Mórdechai beloond
1 Op diezelfde dag gaf de koning Ahasvéros aan de koningin Esther het huis van Haman, de vijand der Joden; en Mórdechai kwam voor het aangezicht van de koning, want Esther had te kennen gegeven, wat hij voor haar was.
2 En de koning deed zijn ring af, die hij van Haman genomen had, en gaf hem aan Mórdechai; en Esther stelde Mórdechai over het huis van Haman.

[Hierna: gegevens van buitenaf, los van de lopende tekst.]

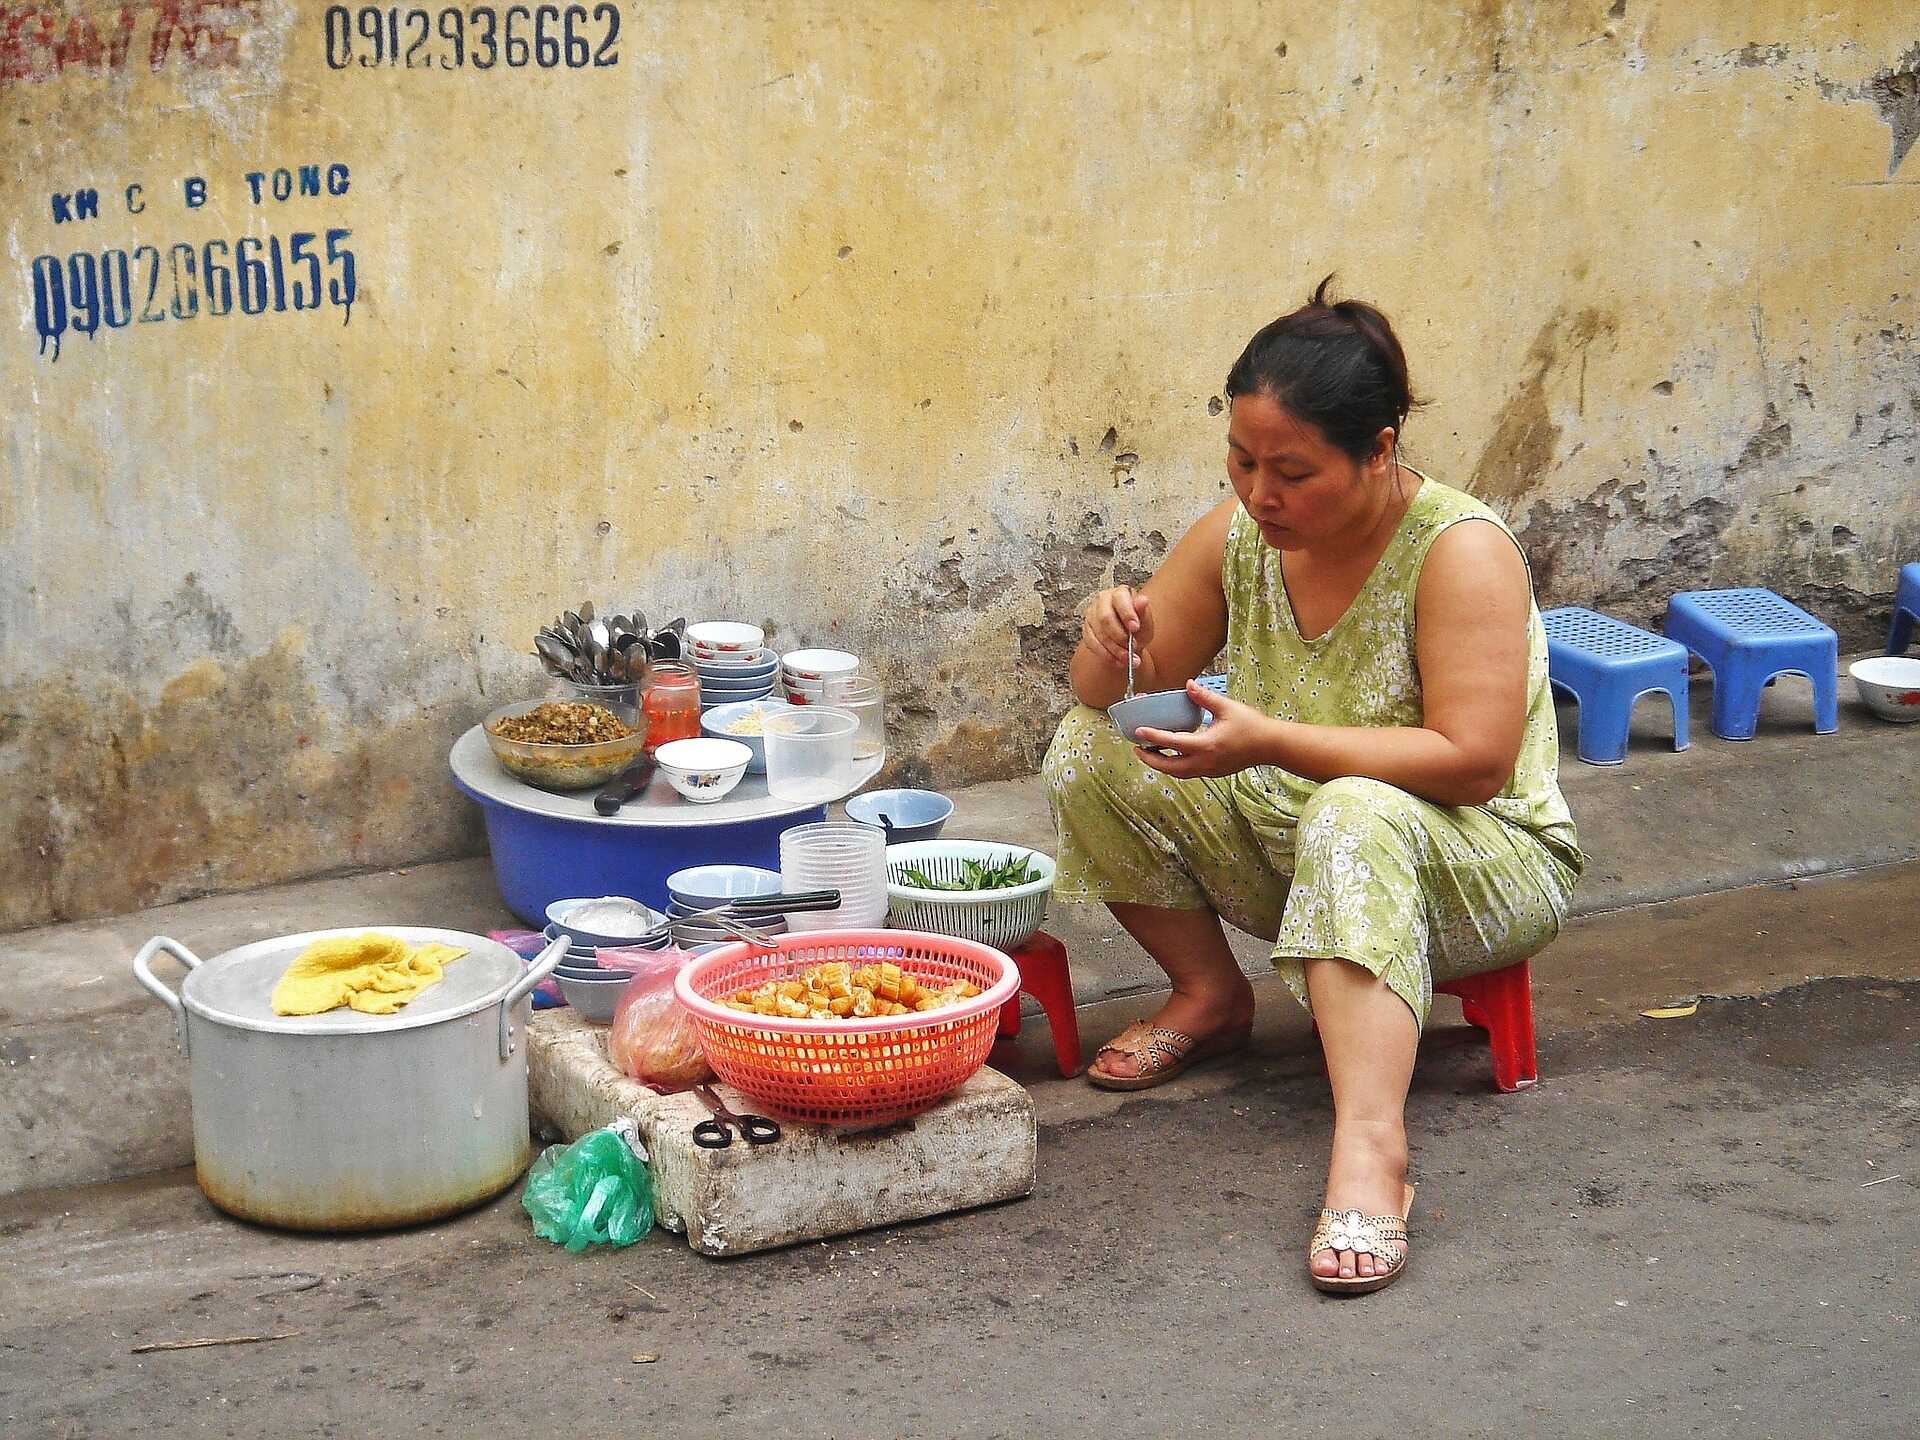 Street Food in Vietnam

3 En Esther sprak verder voor het aangezicht van de koning, en zij viel voor zijn voeten, en zij weende, en zij smeekte hem, dat hij de boosheid van Haman, de Agagiet, en zijn gedachte, die hij tegen de Joden gedacht had, zou wegnemen.

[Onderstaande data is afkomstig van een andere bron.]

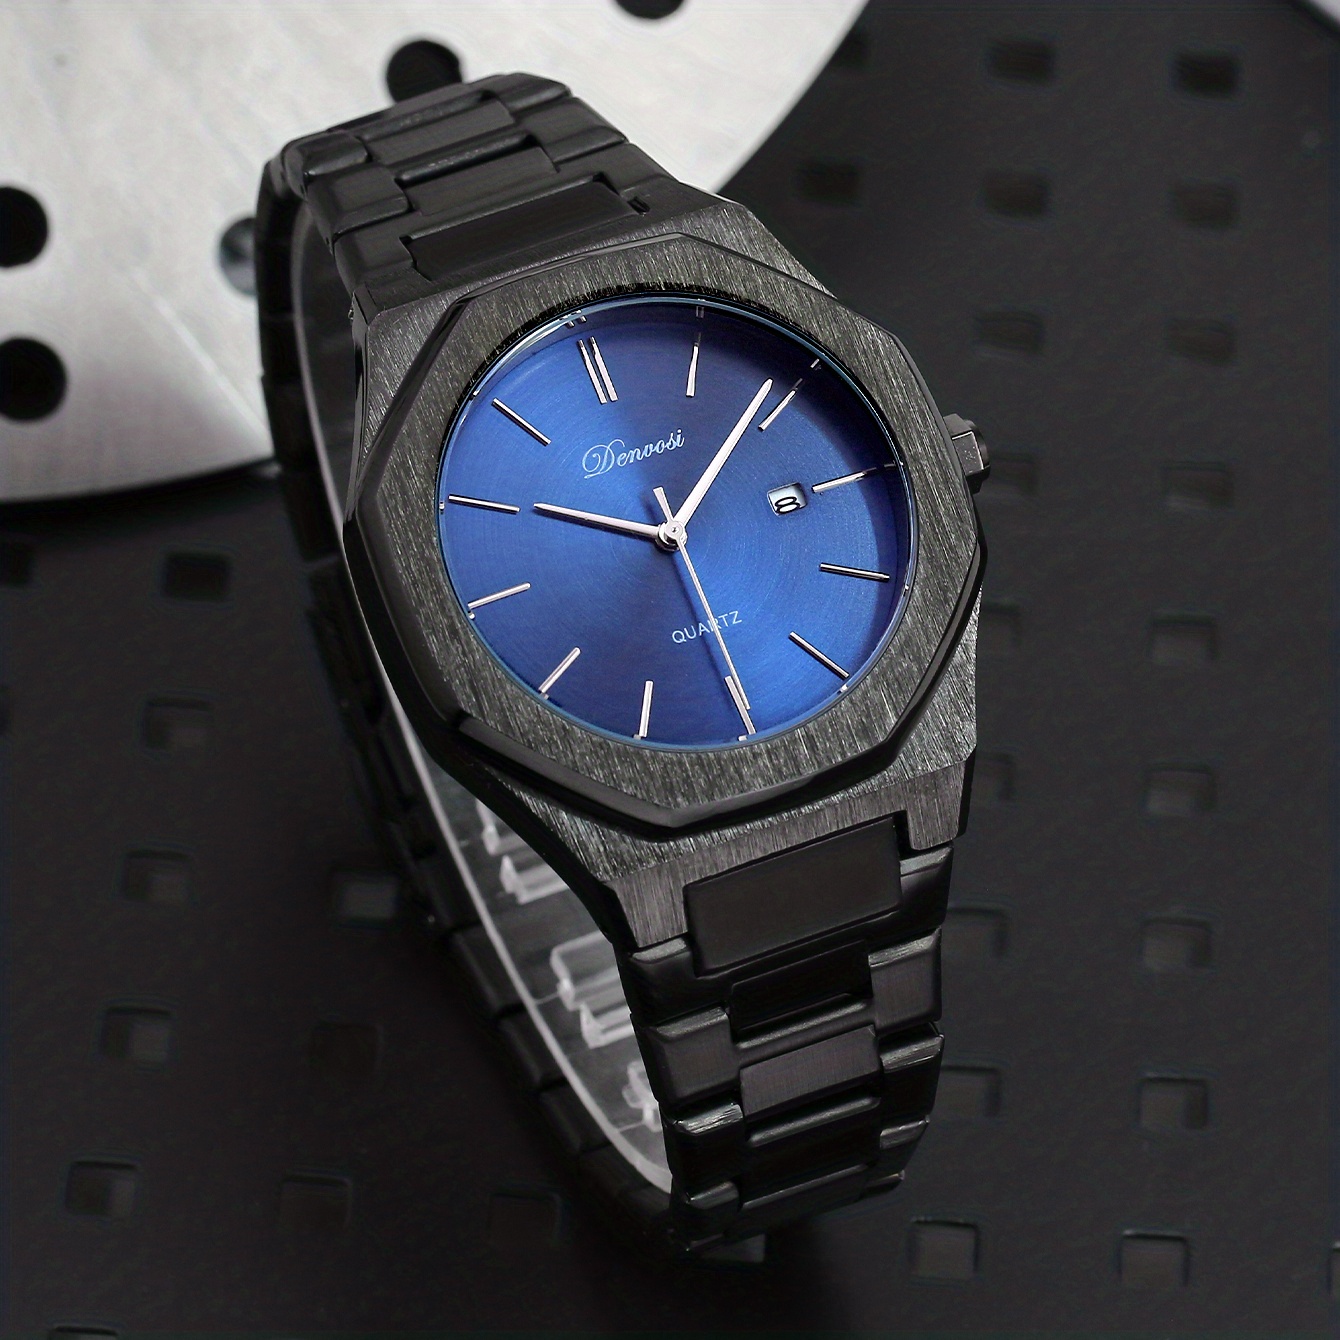 D1 Milano - Watch Polycarbon 40.5 mm - Navy Blue

4 De koning nu reikte de gouden scepter Esther toe. Toen rees Esther op, en zij stond voor het aangezicht van de koning.
5 En zij zeide: Indien het de koning goeddunkt, en indien ik genade voor zijn aangezicht gevonden heb en deze zaak voor de koning recht is, en ik in zijn ogen aangenaam ben, dat er geschreven worde, dat de brieven en de gedachte van Haman, de zoon van Hammedátha, de Agagiet, herroepen worden, die hij geschreven heeft, om de Joden om te brengen, die in al de landschappen van de koning zijn.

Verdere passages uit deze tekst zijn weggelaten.